Esta regra acima define quem será a página inicial do cliente. Quando o mesmo entra no PPPoE, será direcionado automaticamente para a página sua que está no servidor local (dentro da rede). Para criar um servidor web simples em uma máquina windows, utilizei o soft "ironwall". Esta regra deve ser colocada logo após a regra de NAT, para seguir a irarquia de priorização do firewall. No exemplo acima o src-address é uma faixa de ips (10.0.0.1-10.0.0.253), na qual é redirecionada para o servidor web (winxp com ironwall) no ip 10.0.0.2. Para ser redirecionado automaticamente para sua página inicial, criei um código fonte dentro desta página inicial, recarrengando ela mesma, gerando assim, algumas conexões simultâneas e mudando automaticamente de página. Basicamente a regra funciona a ação do "conection limit".
PS: A porta padrão do irowall foi alterada para a 81.


BLOQUEIO DE CLIENTE PARA PÁGINA INICIAL

/ip firewall nat
add chain=dstnat src-address=10.0.0.1 dst-address=!10.0.0.2 protocol=tcp \
dst-port=80 action=dst-nat to-addresses=10.0.0.2 to-ports=81 comment="REGRA \
PARA DIRECIONAR CLIENTE PARA UMA MESMA PÁGINA \(D BITO\) - SISTEMA \
INTELIGÊNTE DE BLOQUEIO" disabled=yes 

Esta regra é a mesma de cima, somente retirando o "conection limit" o mikrotik entenderá que em todas as circustâncias ele deve sempre redirecionar o cliente para o servidor (10.0.0.2). Neste caso o cliente 10.0.0.1 está bloqueado. A mesma página HTML pode ser utilizada (está em anexo), pois quando a mesma for redirecionada após os 10 segundos, irá voltar para ela mesma, criando um loop na qual o cliente não conseguirá sair e exibirá apenas aquela mensagem padrão de bloqueio. O ideal para ficar show, é incluir uma regra como a debaixo para este mesmo cliente, para bloquear todos os serviços, exceto o da página.

REGRA ANEXA PARA BLOQUEIO DE CLIENTES

/ip firewall nat
add chain=src-nat src-address=10.0.0.1 protocol=!tcp \
src-port=!80 action=drop comment="BLOQUEIO DE CLIENTE" \
disabled=yes 

Com esta regra acima de exceção, o mikrotik bloqueará todas as portas e protocolos, menos a porta 80 e o protocolo tcp.

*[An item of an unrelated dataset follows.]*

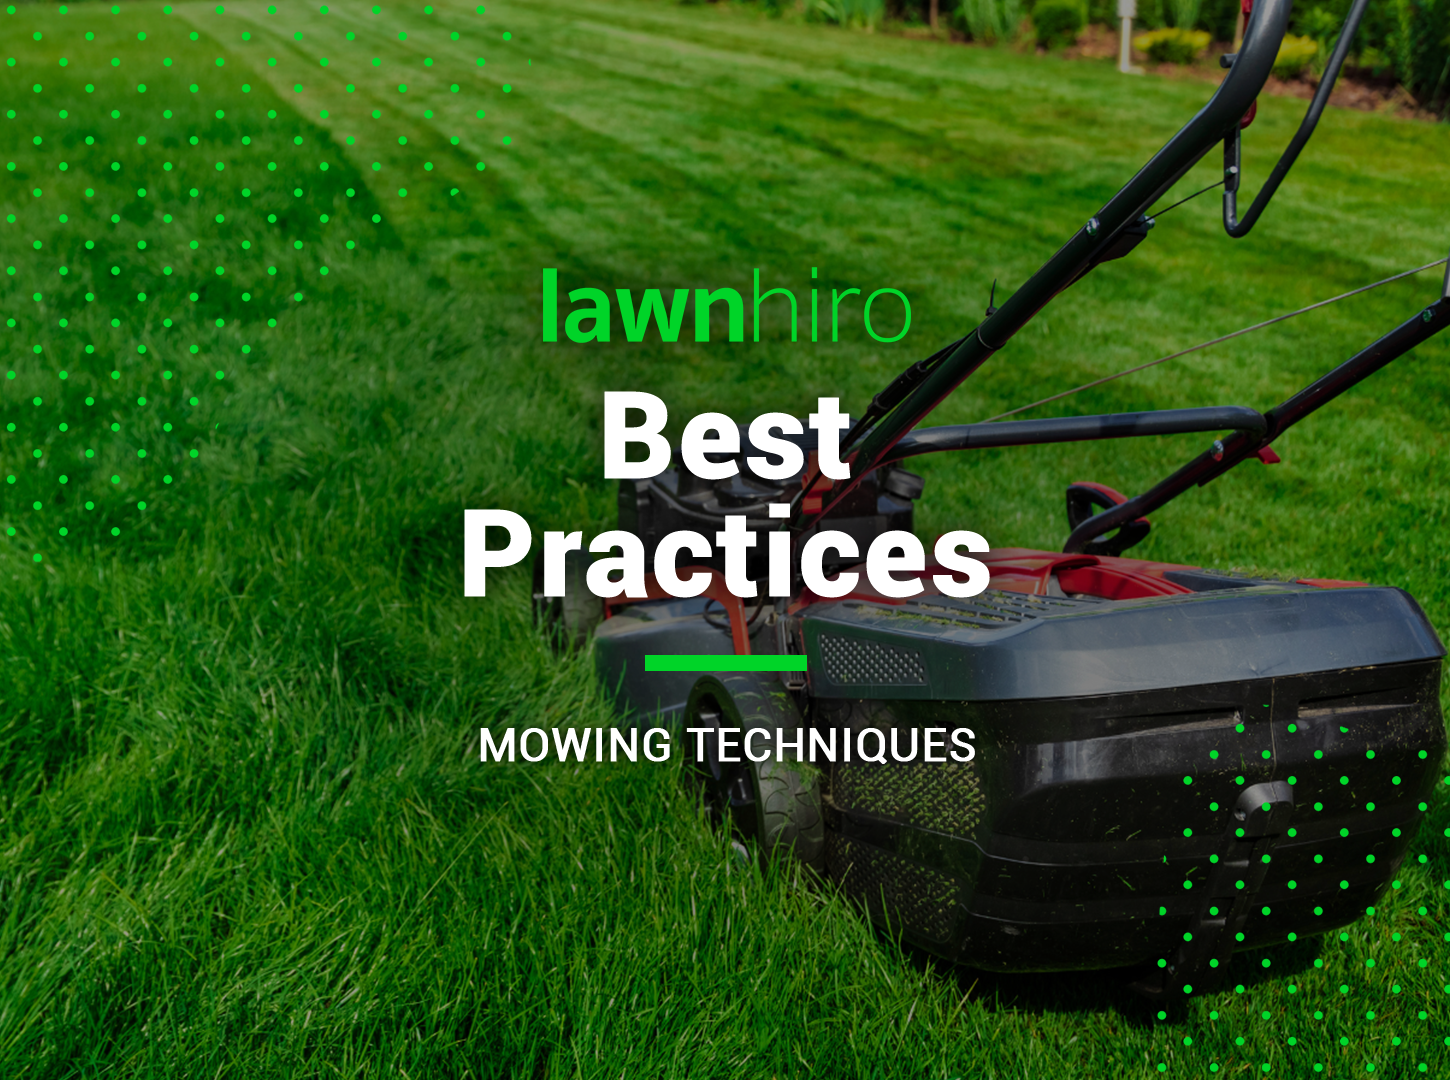 Best Practices for Mowing - Lawnhiro

Em anexo o ironwall e os arquivos da página inicial de testes... Dúvidas? Entre em contato que a gente desenvolve qualquer coisa!!!

----------


## chiareloto

REDIRECIONAMENTO DE CLIENTES PARA PÁGINA INICIAL (PPPOE)

/ip firewall nat
add chain=dstnat src-address=10.0.0.1-10.0.0.253 dst-address=!10.0.0.2 \
protocol=tcp dst-port=80 connection-limit=!1,24 action=dst-nat \
to-addresses=10.0.0.2 to-ports=81 comment="REGRA PARA DEFINIR PÁGINA \
INICIAL" disabled=no

usei estas regras mais nao funciona, uso windows IIS para servidor de WEB, consigo acessar minha pagina como cliennte pppoe. Mais todas as vezes que clico para atualizar a pagina para principal ele so entra na minha, nao consigo por exemplo acessar a pagina que esta definida no navegador como principal. Nao tem uma regra que ele redireciona a pagina do cliente, e depois acabe com redirecionamento ?

----------


## cgrellier

Um provedor com mil clientes??? Como vc faria essa regra... automaticamente quando a fatura dele vencer ele ser redirecionado pra essa regra???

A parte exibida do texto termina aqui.